An insane capability to generalize
In our demo one can see that we trained Mr. Character only on Latin Alphabet. Why didn’t we use a richer data set?
This is because MENTAL has an insane capability to generalize.
MENTAL is founded in the theory of practopoiesis (Nikolić 2015)
Typically, one shot-training tasks for character recognition use the Omniglot training set, which consists of a total of 50 alphabets and 1623 different characters. A more challenging task and more useful technology is if AI can learn from a single data set. We posed that as the second one-shot challenge to our technology. Please read our “How does it work?” section for more details on our three-way one-shot challenge. To take on this challenge, we trained Mr. Character on the EMNIST data set that consist of only 47 different characters (build off of Latin alphabet and Arabic digits) having 2800 examples per character. That way we tested the generalization capabilities of our AI in the conditions that are much more human-like. No human needs be exposed to dozens of alphabets before being able to generalize to novel characters. Rather, a human is exposed to a limited set of symbols but a somewhat larger number of examples of those. This is how a useful AI should work. And this is exactly how our technology works.
Being able to learn to generalize from only 47 rather than from 1623 characters makes the generalization capabilities of Mr. Character 1623 / 47 = 34 times more effective than ‘competition’. When taking into account rotations of Omniglot character set (90°, 180°, 270°) that are often performed to even further expand the number of characters, this ratio becomes even bigger—Mr. Character becomes more than 100 times more effective.
Here is how MENTAL scores against other solutions to one-shot learning:
In the above graph, we compare MENTAL to other proposals to address one-shot learning: Hierarchical Bayesian (Lake et al. 2013), Siamese neural networks (Koch et al. 2015), Memory-Augmented Neural Network (Santoro et al. 2016), Matching Networks (Vinyals et al. 2016).
As you can see, MENTAL works with a lot less variety in the training data. Hence, we dare stating that, in that respect, Mr. Character is two orders of magnitude more capable learner to generalize than are some other approaches considered to be state-of-the-art in one-shot learning.
Note that there is nothing that specializes our technology for learning characters. The technology can be applied to any problem.
But we are not done explaining how capable MENTAL is in generalizing. MENTAL can generalize to one-shot performance capability from data sets that contain already quite a small number of examples. Below you can see the training performance of a one-shot generalization test with only seven example categories. An agent was trained to generalize from Arabic digits 0 to 6, to one-shot learning of digits 7, 8, and 9. It achieved an impressive performance already after a single training epoch on three example images. 1000 new images were then recognized with an accuracy of ~80% correct:
Our technology can generalize from scarce data sets. There is no a pre-requirement for a special data sets such as Omniglot in order to take advantage of MENTAL technology.
Also, MENTAL performs much better than transfer learning. The reason is that MENTAL imposes inductive biases, while transfer learning does not. It is the correct inductive biases that make it so powerful. MENTAL learns the inductive biases suitable for a given domain.
If this doesn’t impress you, check out the following. Once trained to learn fast, MENTAL agents expand the new knolwedge quite widely. The domain within which the new problems can stay is surprisingly general. For example, after having trained Mr. Character on Latin letters, he was not only able to learn other writing systems in a single shot; he was able to learn in one shot acronyms like these ones:
and simple object drawings like these ones:
Don’t believe it? Check out the demo and challange Mr. Character with your own drawings.

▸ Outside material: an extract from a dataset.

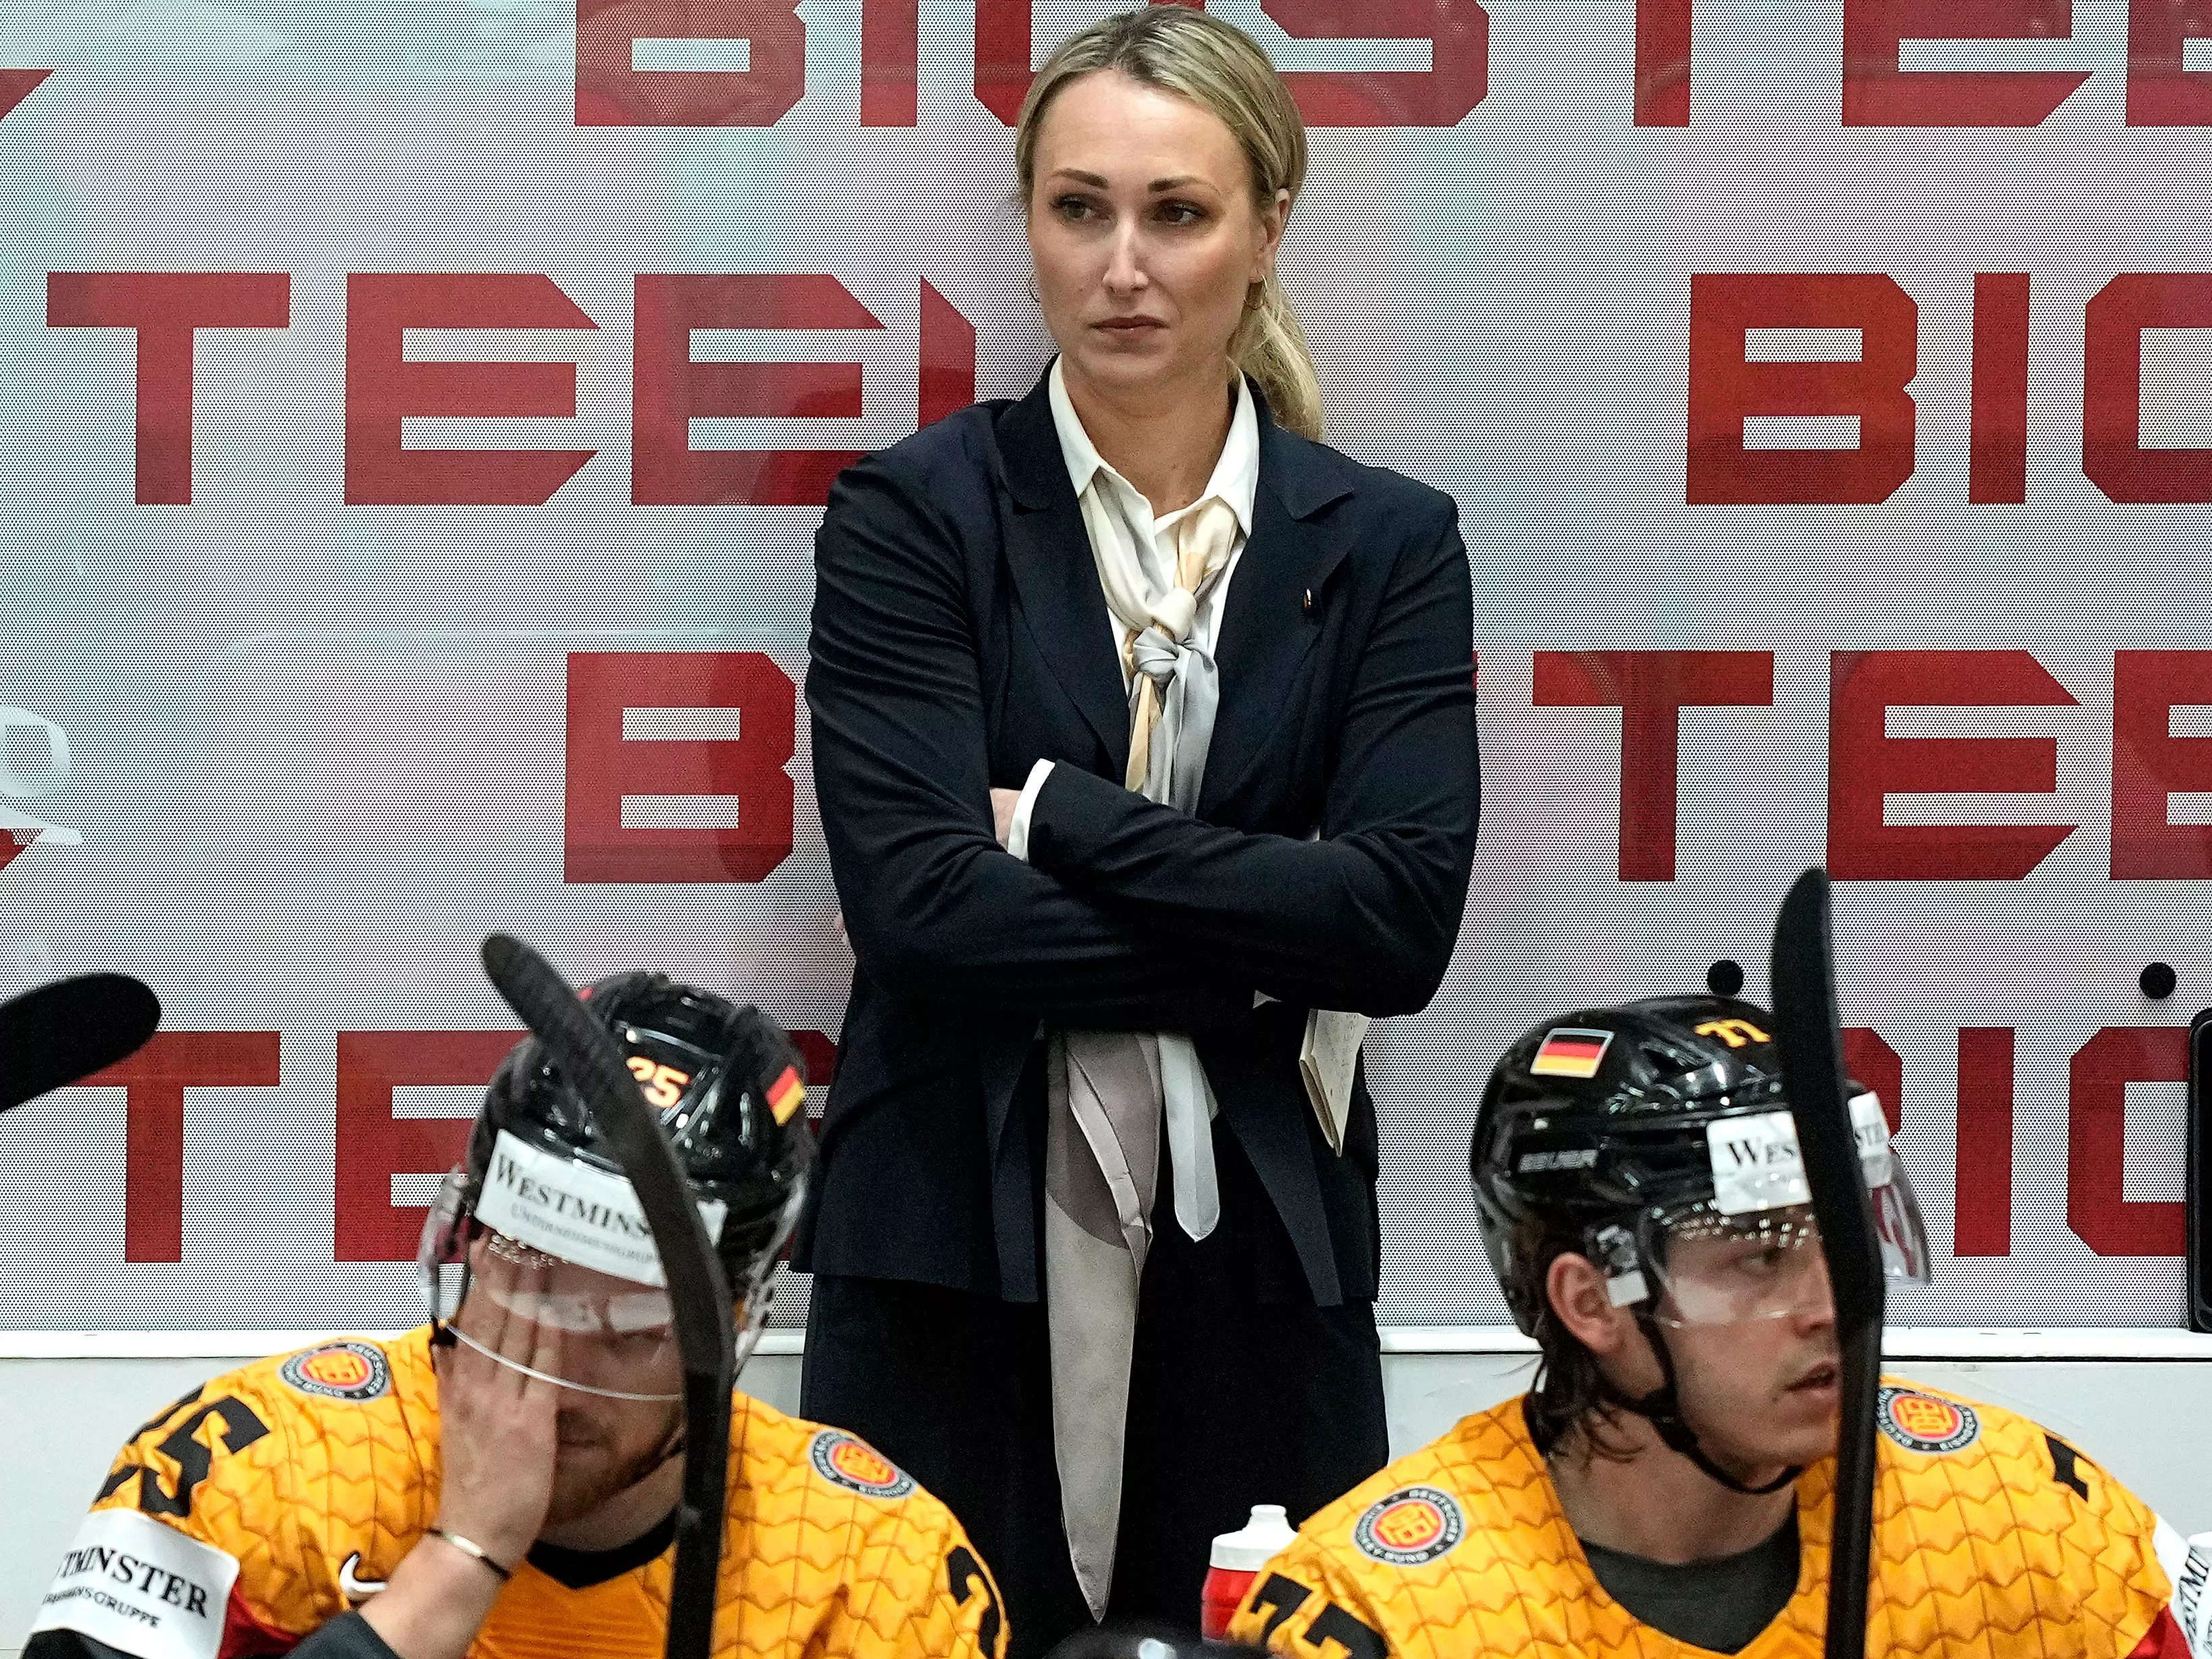 Ein Fernsehreporter fragte die bahnbrechende Trainerin des Team Deutschland, wie es sei, eine „schöne Frau“ in einem Eishockeyteam „voller schöner Männer“ zu sein.

MENTAL is the ideal enabling technology for AutoML.
Koch, G., Zemel, R., & Salakhutdinov, R. (2015). Siamese neural networks for one-shot image recognition. In ICML Deep Learning Workshop (Vol. 2).
Lake, B. M., Salakhutdinov, R., & Tenenbaum, J. B. (2015). Human-level concept learning through probabilistic program induction. Science, 350(6266), 1332-1338.
Nikolić, D. (2015). Practopoiesis: Or how life fosters a mind. Journal of theoretical biology, 373, 40-61.
Santoro, A., Bartunov, S., Botvinick, M., Wierstra, D., & Lillicrap, T. (2016). One-shot learning with memory-augmented neural networks. arXiv preprint arXiv:1605.06065.
Vinyals, O., Blundell, C., Lillicrap, T., & Wierstra, D. (2016). Matching networks for one shot learning. In Advances in Neural Information Processing Systems (pp. 3630-3638).